> **THE PROBLEM**
Starting at the line that contains "13. SCHNEIDER, B.", transcribe every remaining line of the data below exactly, and omit all pictures.

> **DATA**
··········

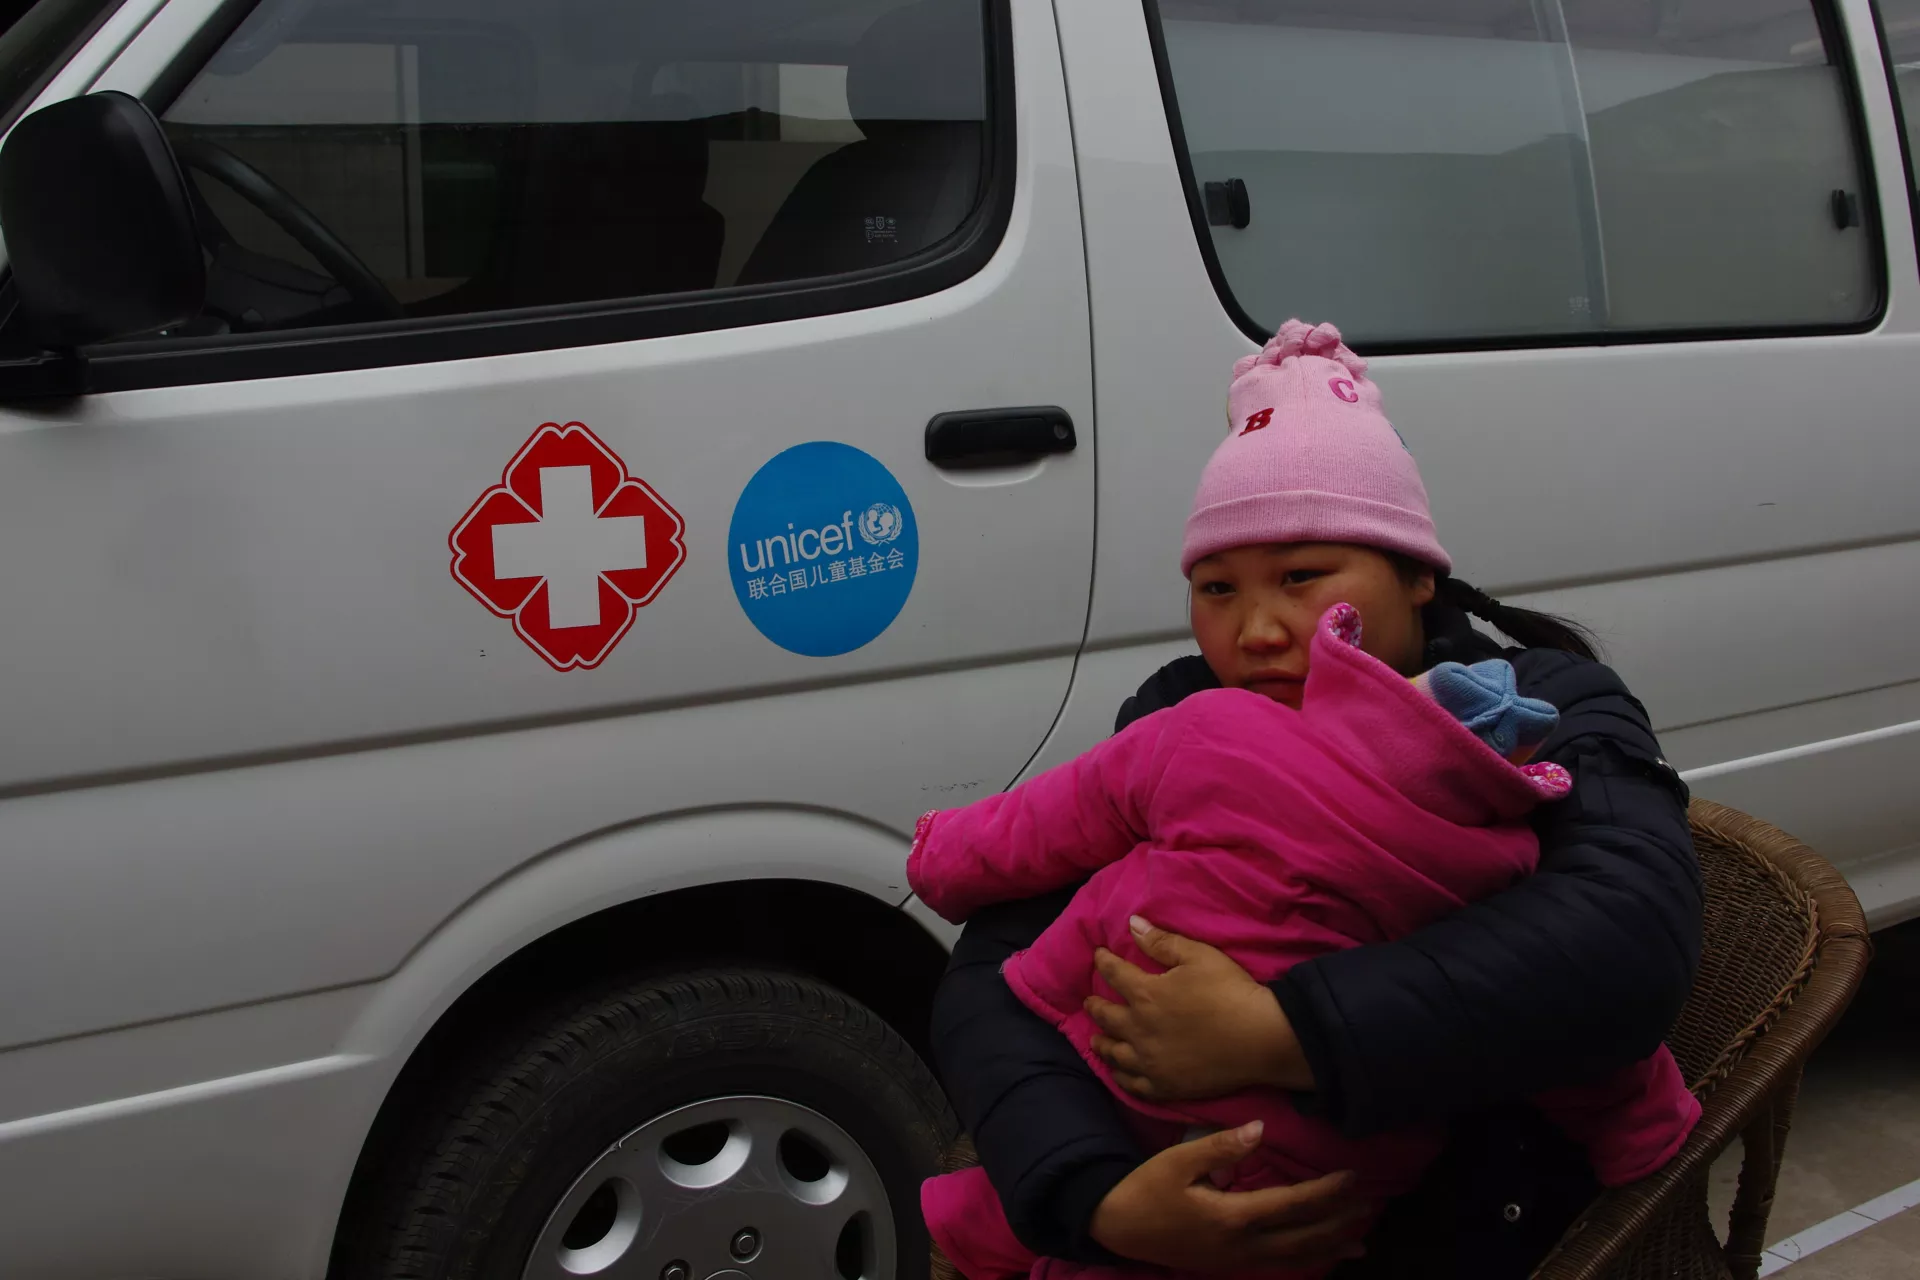 刘菊抱着女儿坐在救护车前。联合国儿童基金会为汶川地震灾区提供了大量的药品和医疗设备。
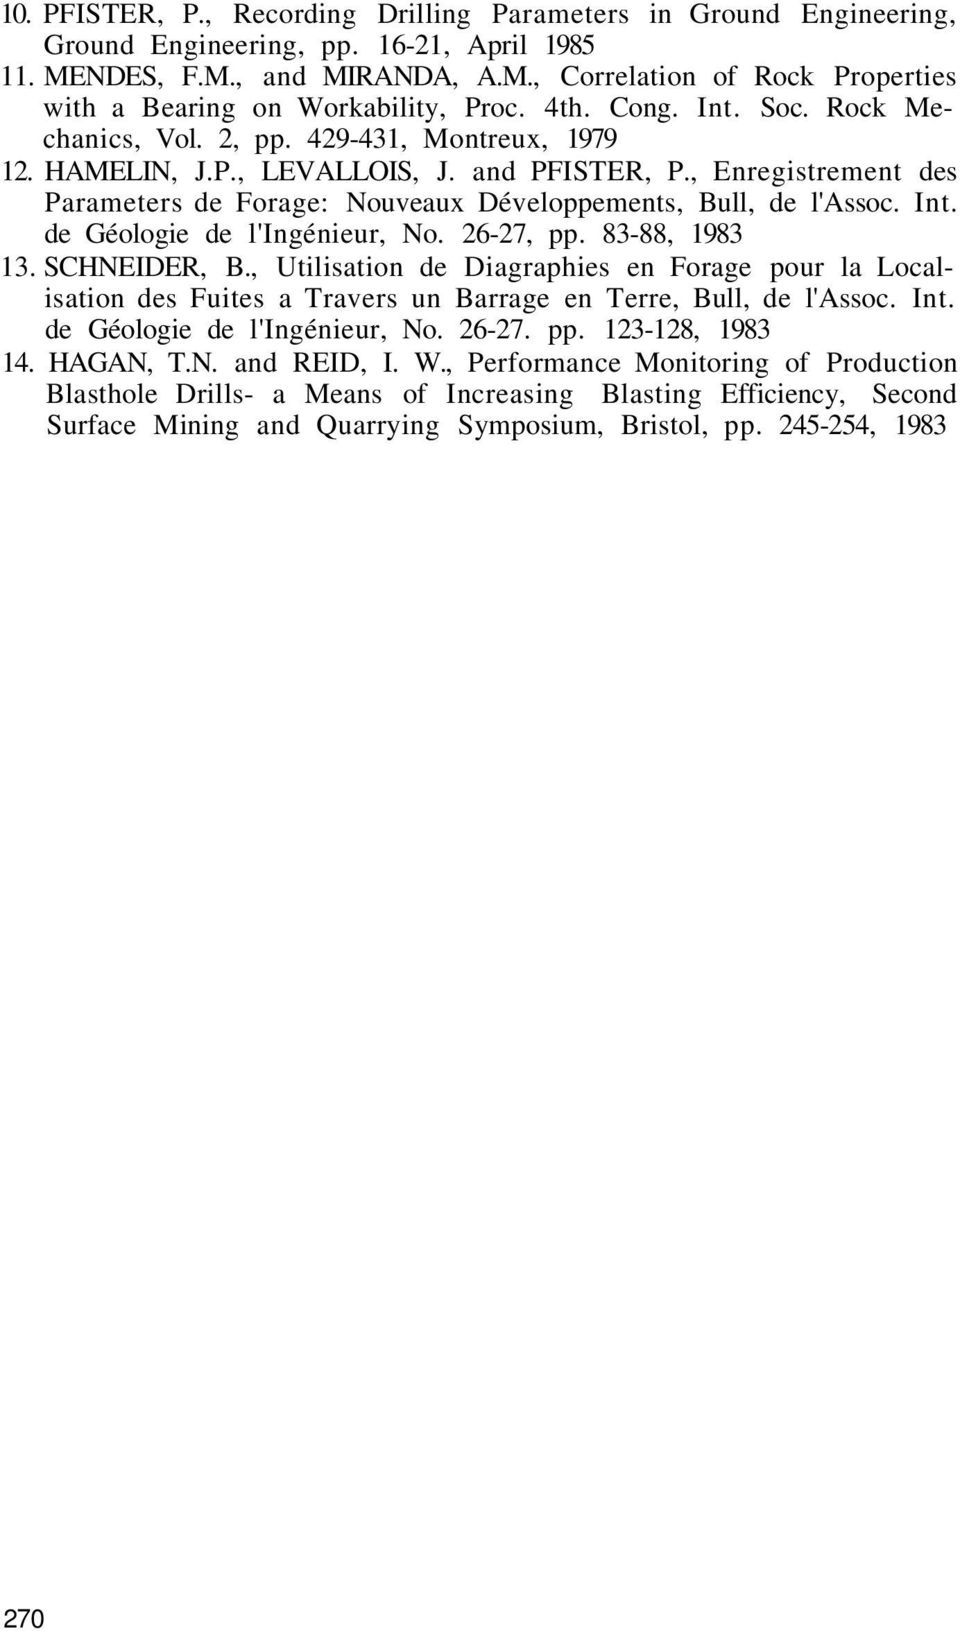 , Enregistrement des Parameters de Forage: Nouveaux Développements, Bull, de l'assoc. Int. de Géologie de l'ingénieur, No. 26-27, pp. 83-88, 1983 13. SCHNEIDER, B.
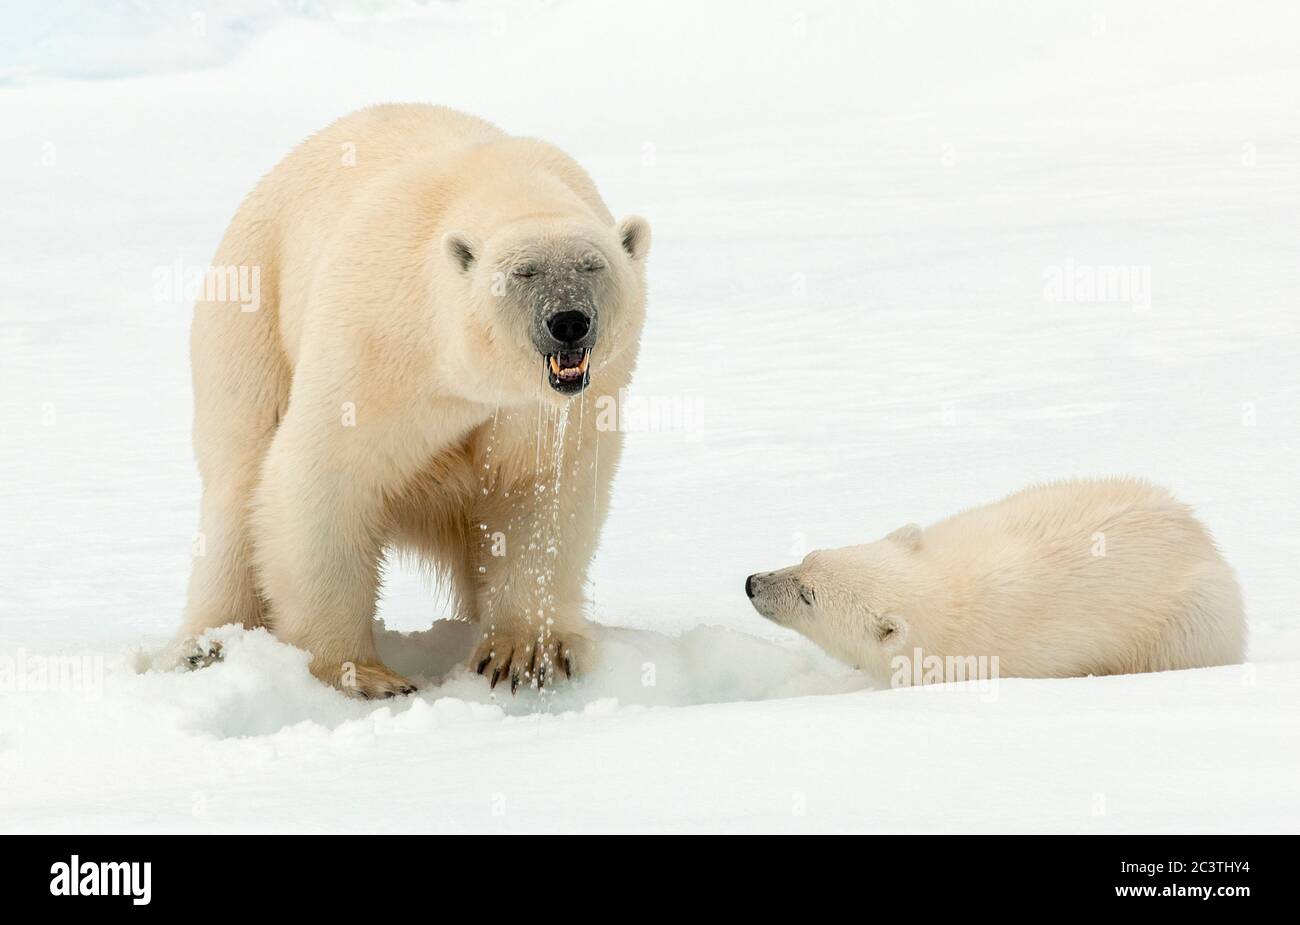 Orso polare (Ursus maritimus), l'arice polare si trova sul ghiaccio pacchetto e tirando la testa fuori un buco d'acqua, orso polare cucciolo guardando la sua madre, Norvegia, Svalbard Foto Stock

··········

> **WRITTEN ANSWER**
 , Enregistrement des Parameters de Forage: Nouveaux Développements, Bull, de l'assoc. Int. de Géologie de l'ingénieur, No. 26-27, pp. 83-88, 1983 13. SCHNEIDER, B.
 Orso polare (Ursus maritimus), l'arice polare si trova sul ghiaccio pacchetto e tirando la testa fuori un buco d'acqua, orso polare cucciolo guardando la sua madre, Norvegia, Svalbard Foto Stock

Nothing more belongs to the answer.